Extra financial rewards should be given to those who successfully complete each training phase. We should also provide placement assistance to those who graduate. In the long run everyone wins, especially the government, which can save those billions spent on welfare.

EDWARD DAOUD

Westminster

* Welfare reform has become a hot topic for politicians and newspapers alike (editorial, June 19). What will it take for your editorial staff to realize that California already has enacted much of what President Clinton has only proposed? The main difference between California's reform and Clinton's proposed program is the extraordinary price tag of the Washington proposal.

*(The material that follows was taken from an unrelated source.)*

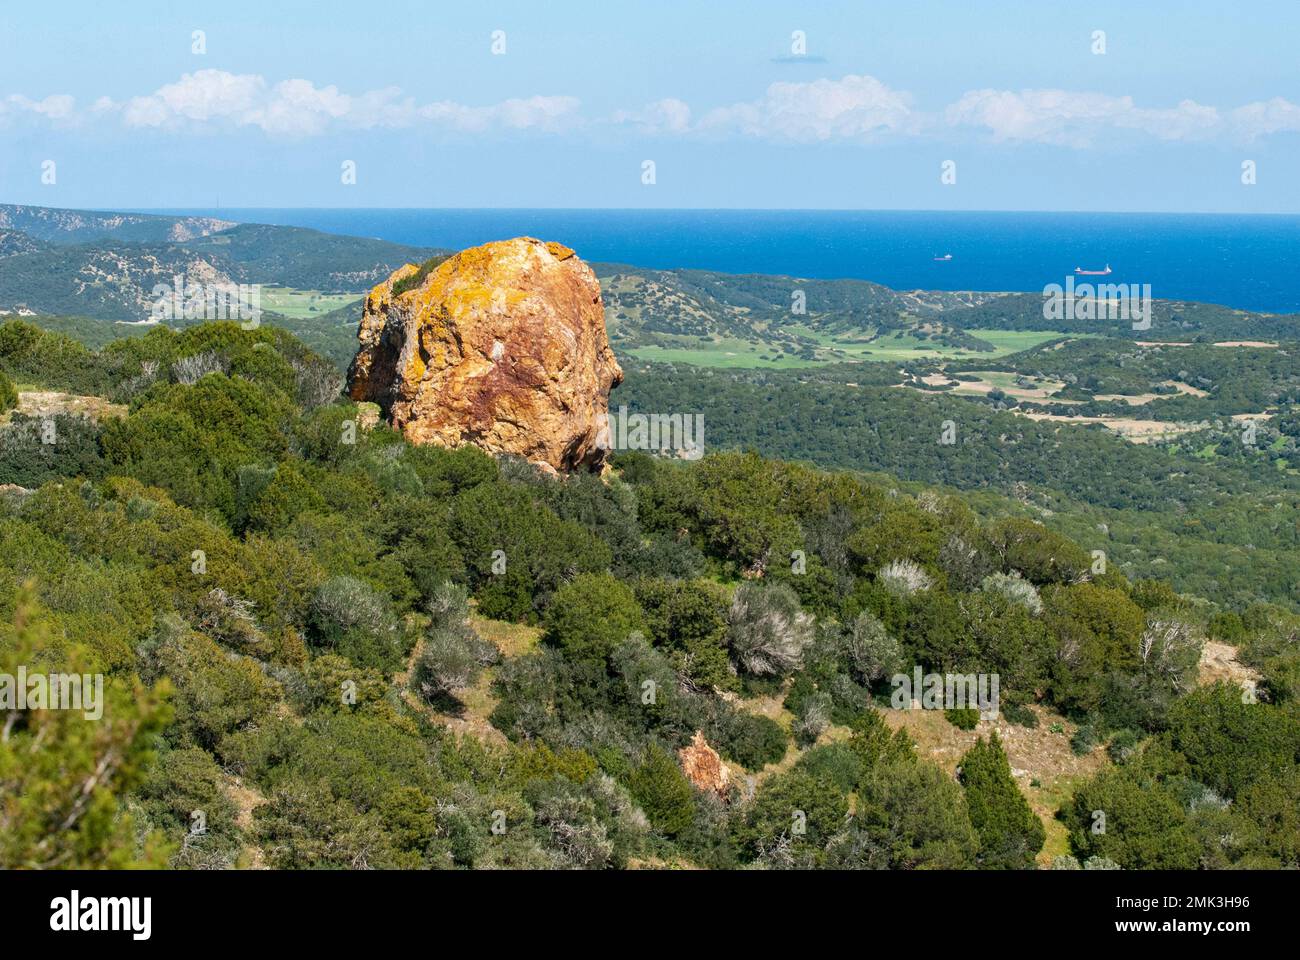 La roccia rossa/gialla si trova ai piedi delle montagne Pentadaktilos sulla penisola di Karpasia Foto Stock
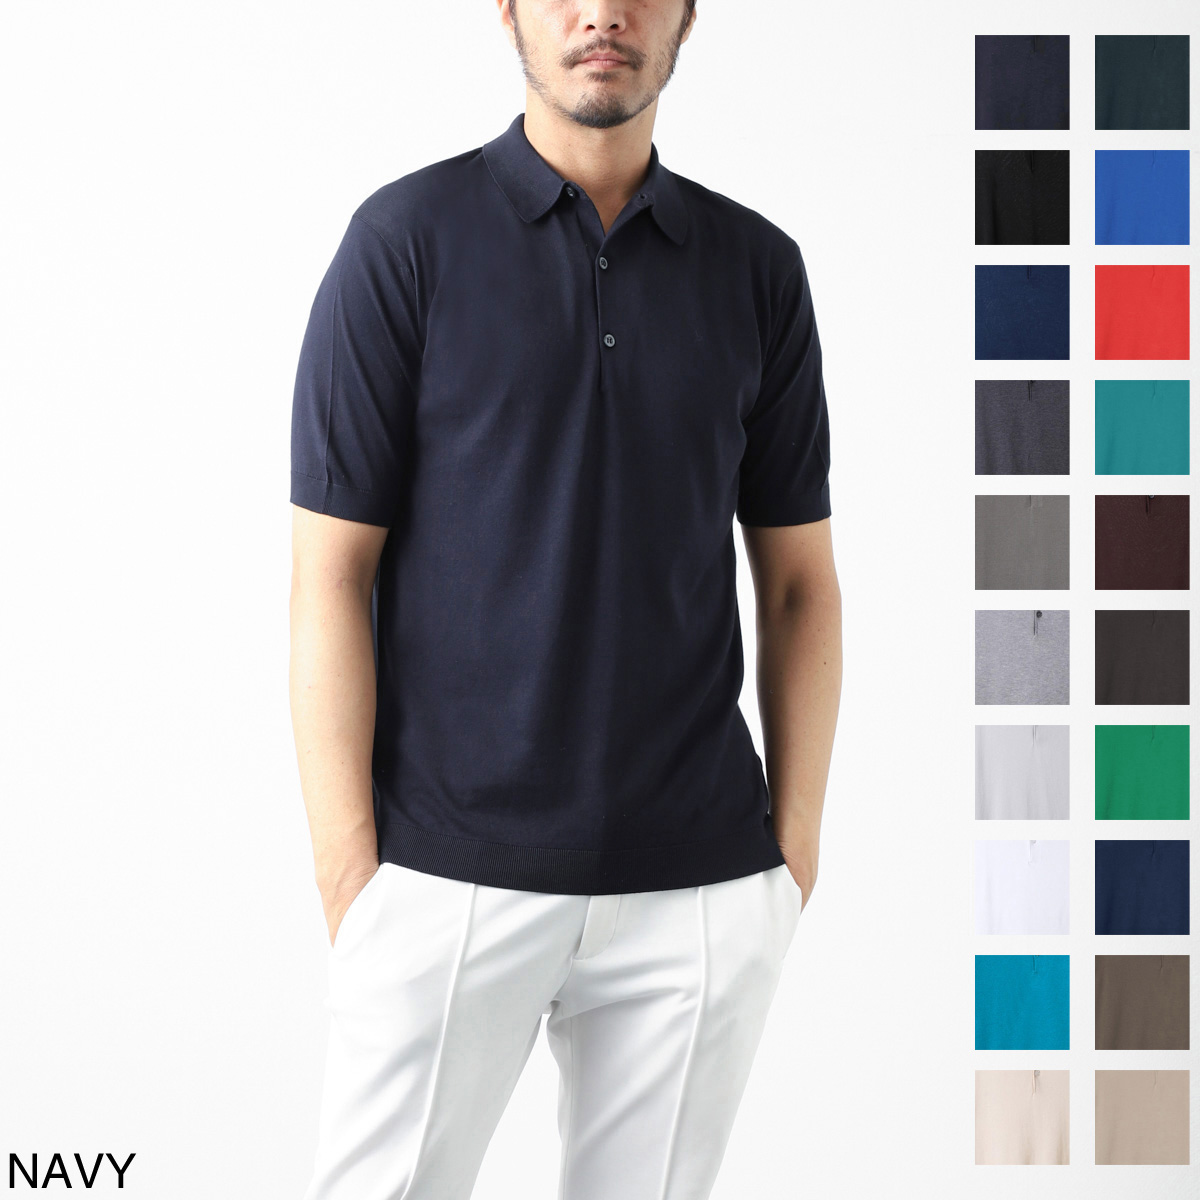 夏の必需品 メンズポロシャツ のオススメ人気ブランド18選 選び方 徹底解説 紳士のシャツ

The price tag of developing and maintaining a monolithic federal bureaucracy versus a state-run program is just too high and will be less likely to succeed due to special peculiarities of each state.

NAVID SHARAFATIAN

Pacific Palisades

* I am a 22-year-old single mother. I am a welfare recipient who is absolutely dependent on public transportation. It is often with a dark amusement that I read the articles on welfare reform and the continuing debates with the Metropolitan Transportation Authority concerning "proposed" (meaning they've already decided to do it) fare hikes. It is with abject horror, however, that I read some of your reader comments and editorial pieces. I get up and go look for work every day just like all other unemployed people, but I can't pick up the paper without being informed that I am "lazy" either by implication or directly.

As far as Franklin White and the MTA board go, they don't seem to realize that by raising fares and getting rid of monthly passes, people like myself can only look for employment until their money runs out. Believe me, that doesn't take very long at all. I only get $490 per month with Aid to Families with Dependent Children. Out of that I pay my rent, a baby-sitter (so I can look for employment and pursue my education) and bills. If it weren't for bus passes I would have no means of transportation two weeks out of every month.

I am not in love with welfare and am working feverishly to be free of this demeaning system. Nor do I appreciate the upcoming kick in the teeth by the MTA. All I want is to be treated fairly and as an individual, but I forget that is only for the rich in this county.